Next, the analysis unit 113 uses a clustering technique such as Japanese Patent Application Laid-Open No. 2013-148987 to group subsets that are particularly close in terms of the relationship between the program group and the data based on the relationship between each program group and the data. to generate a service component candidate. For example, the analysis unit 113 determines that the greater the number of inputs to each piece of data, the stronger the relationship, and generates service component candidates so that programs and data having a strong relationship are grouped together. The generated results are shown in FIG. FIG. 13 is a diagram for explaining the result of generating service component candidates.

As shown in FIG. 13, the analysis unit 113 analyzes a service component candidate (ID=01) including program group 1 and data X, a service component candidate (ID=02) including program group 10, a program group 20 and data Z and a service component candidate (ID=04) containing program group 3 and data Y are generated. In addition, the analysis unit 113 defines "(01, program group 1), (01, data X), (02, program group 10), (03, Program group 10), (03, data Z), (04, program group 3), (04, data Y), etc. are also generated.
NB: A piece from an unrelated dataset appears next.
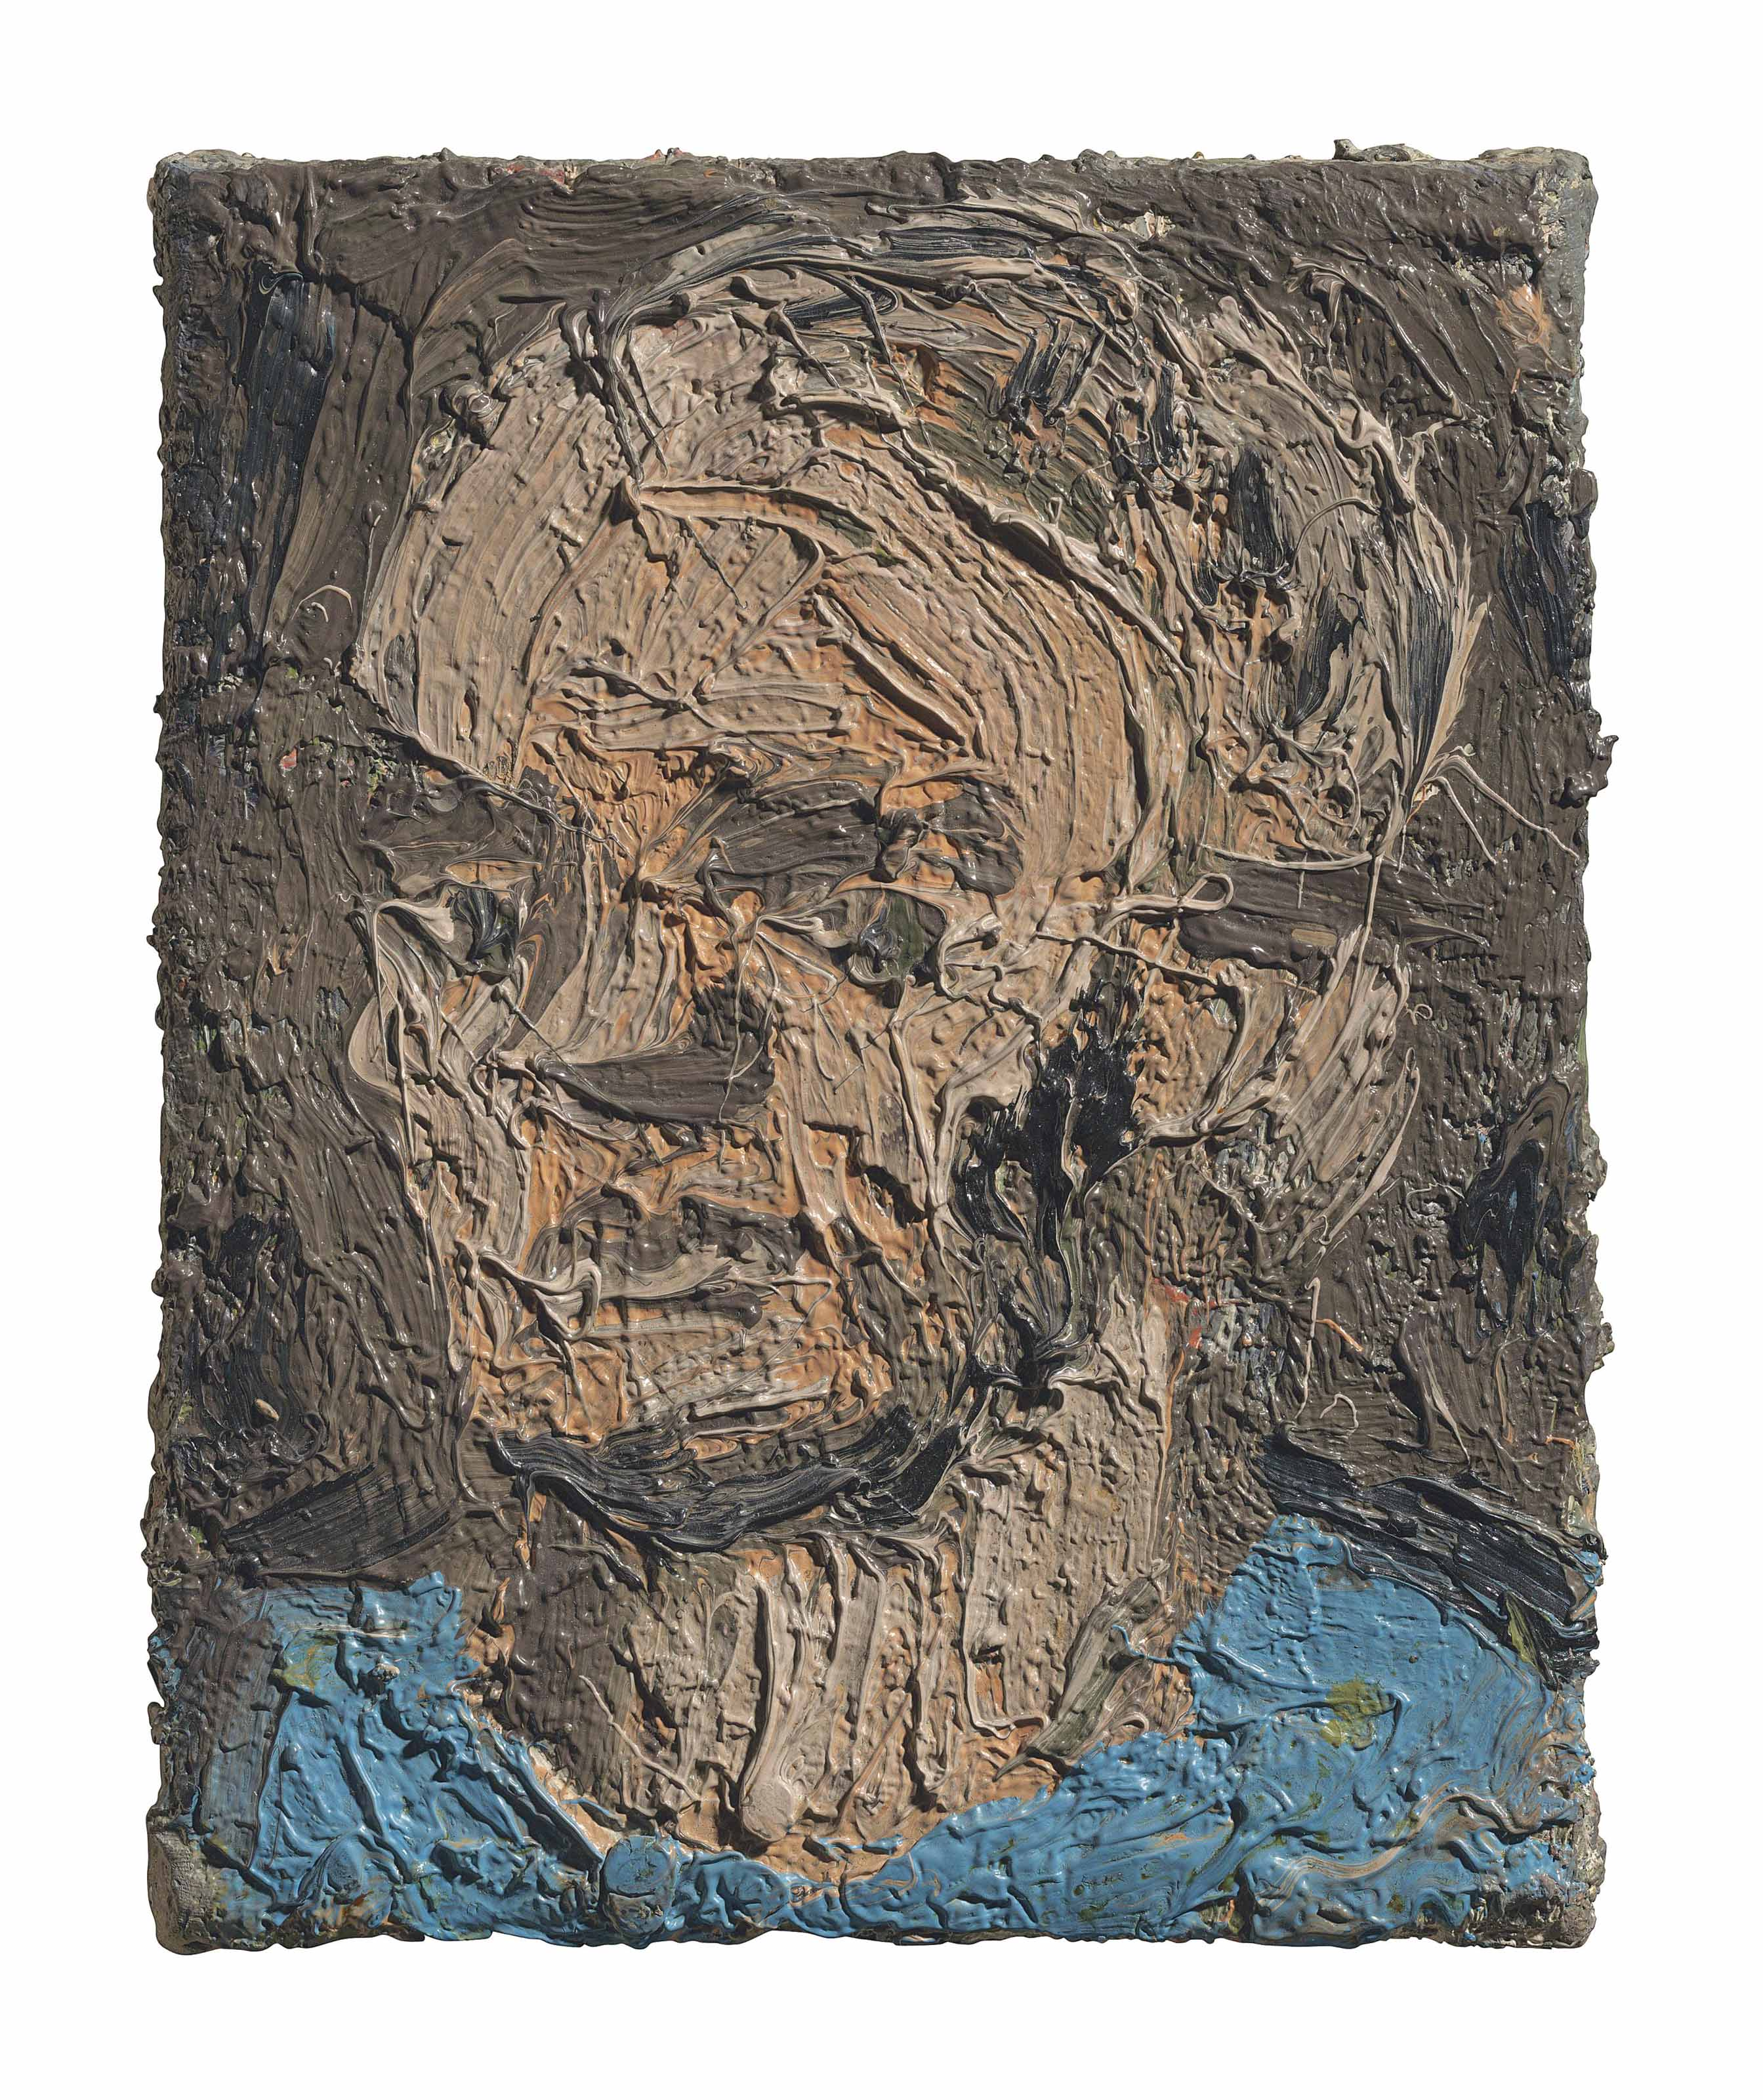 Leon Kossoff (b. 1926)

After that, the analysis unit 113 outputs the generated service component candidates to other processing units.

After that, the analysis unit 113 extracts, as common data, data updated from other service component candidates among the data associated with the plurality of service component candidates, and extracts the common data and the plurality of service component candidates that do not include common data. , is generated as a service component of the program assets. In this embodiment, the case where common data does not exist is exemplified, so the analysis unit 113 stores the information shown in FIG. 13 in the analysis result DB 105 as a result of the classified service components.

Returning to FIG. 5, the presentation unit 114 is a processing unit that outputs the analysis result of the analysis unit 113 to a user or the like. Specifically, the presentation unit 114 obtains the analysis results stored in the analysis result DB 105, and displays the analysis results classified into a plurality of service components. display in a different format than other programs and data.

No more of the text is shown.